A hassle? Maybe. But have faith: They know what's best. 

Presumably the idea came up because, even though by some measures premiums aren't rising by large amounts this year, premiums for many of the lowest cost and most popular plans from last year are rising quite a bit. And since HHS decided over the summer to institute auto-renewal, and since the majority of Obamacare enrollees are expected to take no action and thus stay in their current plans, the reality is that under the current system a lot of enrollees are likely to see large premium hikes, just because they didn't shop around for a new plan.

This sort of problem was more or less inevitable with automatic renewal, which was probably instituted as a way to shore up enrollment and prevent too much attrition in year two. The easy, straightforward way to fix it would be to turn auto renewal off. But that might result in lower enrollment. And anyway, why go the obvious route when there's the possibility of having federal and state health bureaucrats make even more choices for you? 
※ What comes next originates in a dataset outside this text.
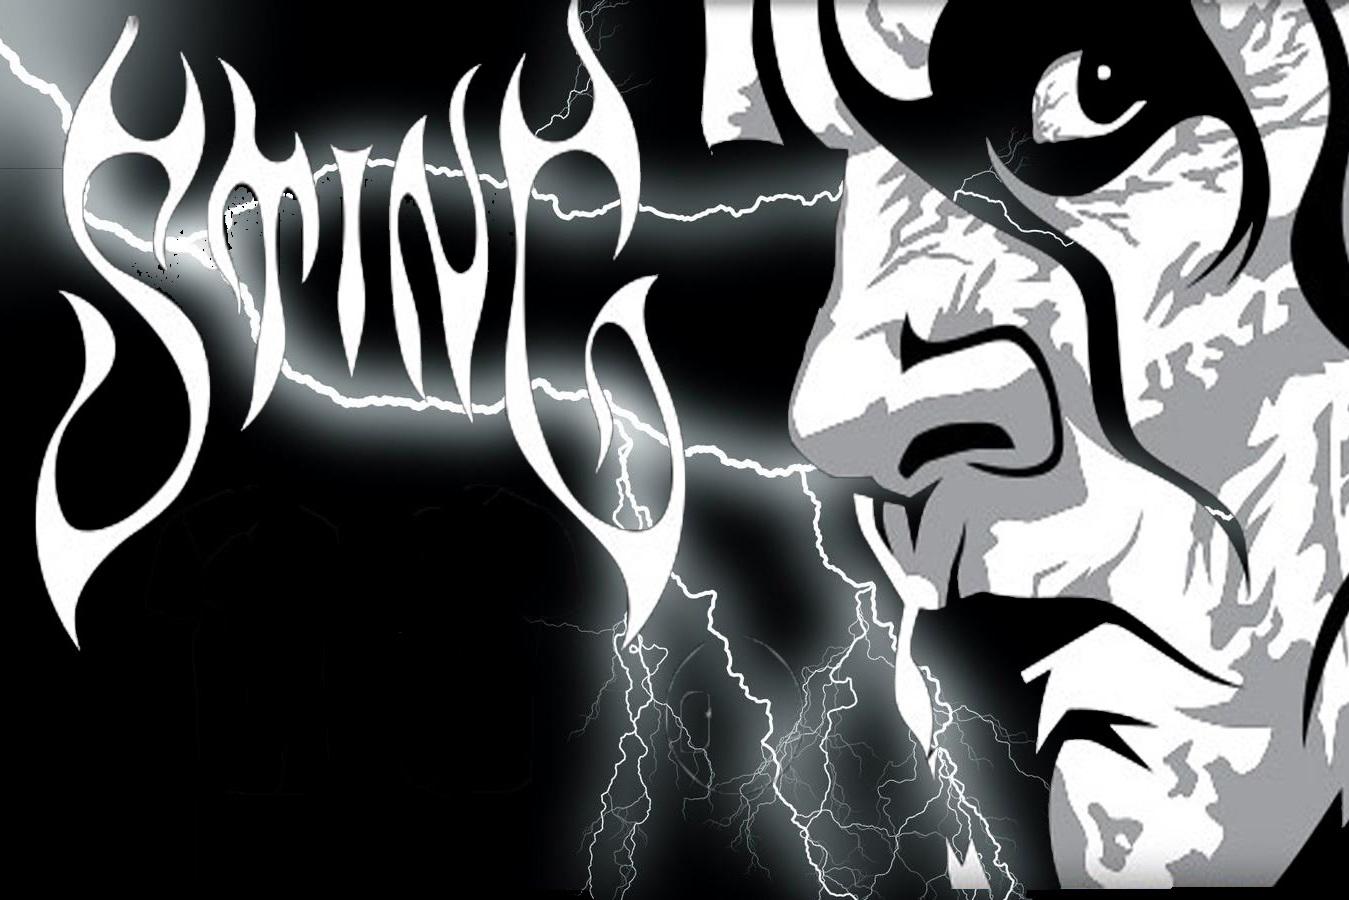 Joker 3d Hd Wallpapers The Dominate Wrestling Fancast Sting Entering Wwe Hall Of

This isn't an actual rule yet; it's just a proposed rule. But the fact that Obamacare's overseers are thinking like this says a lot—about their government-knows-best bureaucratic mentality and about the complications of the law itself. 

Update: There does appear to be some possibility of user choice built into the plan; although the summary fact sheet doesn't note it, enrollees would be able to select whether or not they want to be involved in auto-reassignment. Enrollees still, however, wouldn't know exactly what they would be getting into when they made their choice.